2. Na actualização da indemnização, na expropriação, devem ser observadas as regras esclarecidas pelo Acórdão de Uniformização de Jurisprudência nº 7/2001, de 12/7/2001 ( publicado no DR I Série, de25/10/2001 ).

Decisão Texto Integral:               Nestes autos de expropriação, foi proferida sentença julgando parcialmente procedente o recurso interposto pelo expropriado e, em consequência, fixando em 6.303,55€ a indemnização devida pela expropriante ao expropriado, quantia a actualizar desde o dia 14/12/2005 até à data do trânsito da presente decisão, de acordo com os índices de preço no consumidor.   

              A expropriante recorre desta sentença, com base em duas “ra-zões de discordância […]
         - a actualização deve ser feita, não a partir da data da declara-ção de utilidade pública (14/12/2005), mas a partir da data da sua publicação (13/1/2006);
         - a actualização só deve incidir sobre o valor total fixado pelo tribunal (6.303,55€) até à data em que foi colocada à disposição do expropriado a quantia sobre a qual se verificou acordo das partes; a partir dessa data, e até ao trânsito em julgado da sentença, só sobre a diferença entre esses valores é que deve ser feita a actualização.”

              Não se transcrevem as conclusões, por estas sintetizarem devida-mente a fundamentação do recurso, e porque esta fundamentação, também sintética, será quase que integralmente transcrita abaixo, servindo, no essencial, de fundamentação desta decisão sumária, por corresponder a um entendimento jurisprudencial praticamente unânime, na sequência do acórdão de fixação de jurisprudência também citado no recurso.

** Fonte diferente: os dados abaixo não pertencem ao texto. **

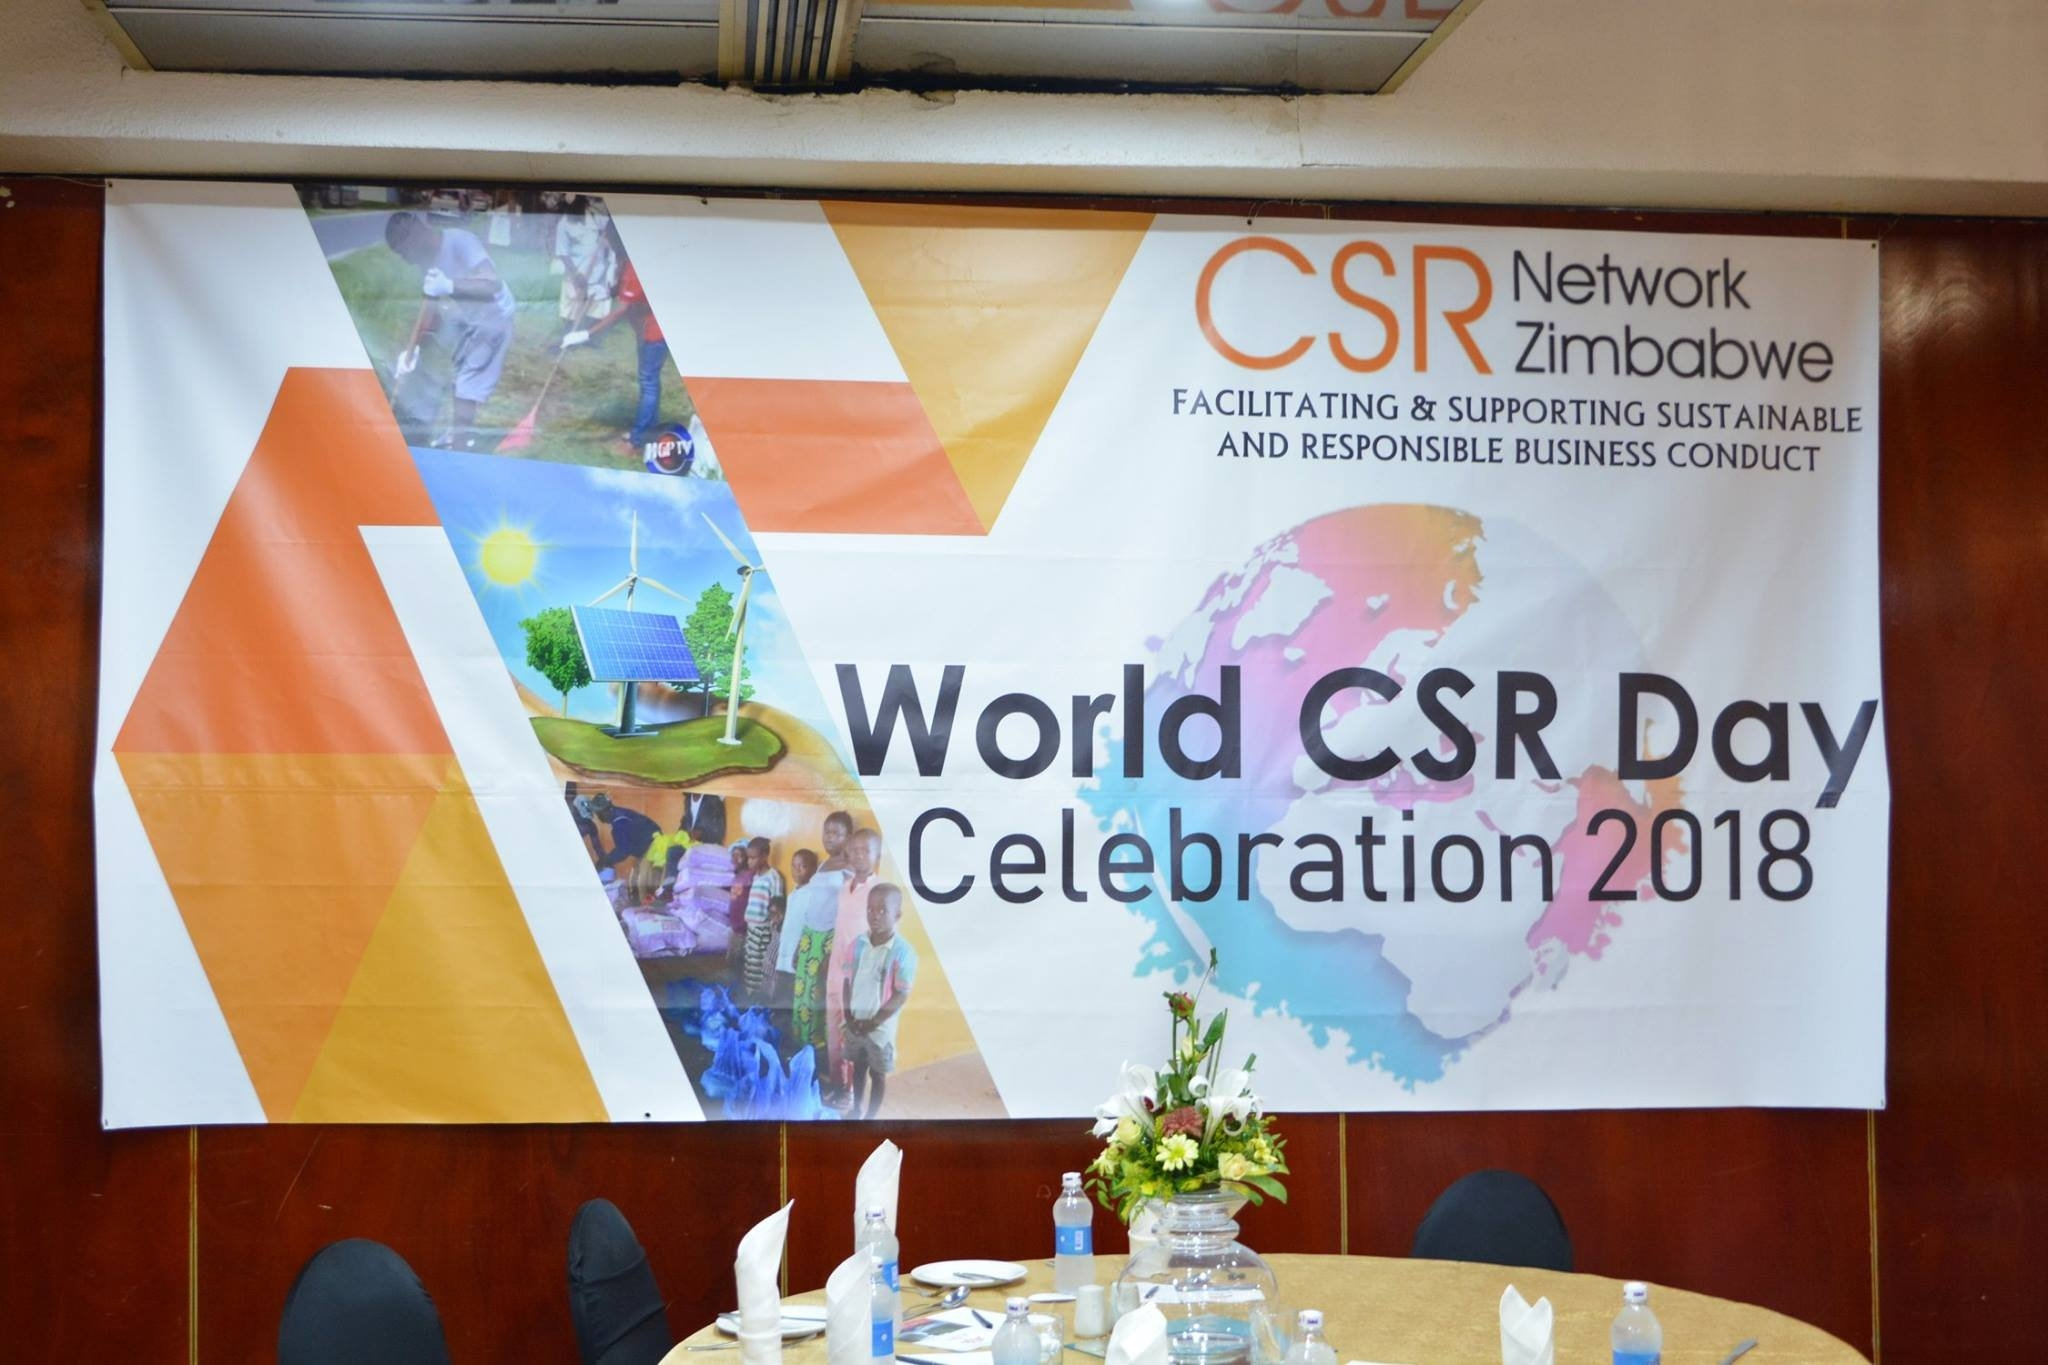 Csr Network Zim 2019 Activities Calendar – Csr Network Zimbabwe Calendar 2019 Zimbabwe

              O expropriado não contra-alegou.

              São, pois, aquelas, as duas questões a resolver.

                                                                 *


Quanto à 1ª questão

              Diz a expropriante:
         “De acordo com o n.º 1 art. 24.º do Código das Expropria-ções, “O montante da indemnização calcula-se com referência à data da DUP, sendo actualizado à data…”.
         No entanto, a interpretação “não deve cingir-se à letra da lei, mas reconstituir a partir dos textos o pensamento legislativo, tendo sobretudo em conta a unidade do sistema jurídico…” (art. 9º, nº 1, do Código Civil).
         Por força de interpretação sistemática, onde naquele preceito se diz “data da DUP”, deve ler-se “data da publicação da DUP”.
         É que a data relevante, para efeitos de avaliação do bem expropriado, é a data da publicação da DUP, de acordo com o disposto no nº 1 do art. 23.º do CE: “A justa indemnização não visa compensar o benefício alcançado pela entidade expropriante, mas ressarcir o prejuízo que para o expropriado advém da expropriação, correspondente ao valor real e corrente do bem de acordo com o seu destino efectivo ou possível numa utilização económica normal, à data da publicação da DUP, tendo em consideração as circunstâncias e condições de facto existentes naquela data”.
         A necessária harmonização do disposto naquele art. 24.º/1 com o que dispõe este art. 23º/1 implica que o primeiro seja interpretado no sentido de se referir à data da publicação da DUP.
         No mesmo sentido, veja-se, a título de exemplo, Alípio Guedes, Valorização de bens expropriados, 2ª ed., 2001, p. 82; Pedro Elias da Costa, Guia das expropriações por utilidade pública, Coimbra, 2003, p. 262; Pedro Cansado Paes, Ana Isabel Pacheco e Luís Alvarez Barbosa, Código das Expropriações, 2ª ed., 2003, p. 159; e Perestrelo de Oliveira, Código das Expropriações anotado, 2ª ed., 2000, p. 95.
         De resto, foi esta a doutrina consagrada no AFJ 7/2001, publicado no DR n.º 248, de 25/10/2001:
         “Fixa-se a seguinte jurisprudência: (…) ii) …há lugar à actualização, desde a data da publicação da DUP…”.
         Por fim, refira-se que o valor fixado na sentença recorrida corresponde àquele que os peritos apuraram na diligência de avaliação realizada, sendo que no relatório pericial foi expressamente referido que esse valor era reportado à data de 13/1/2006 (isto é, à data da publicação da DUP).
         Assim, no caso dos autos, a actualização deve ter lugar, não desde 14/12/2005 (como se decidiu na sentença recorrida), mas sim desde a data da sua publicação (13/1/2006), nessa parte devendo, pois, ser modificada a decisão recorrida.”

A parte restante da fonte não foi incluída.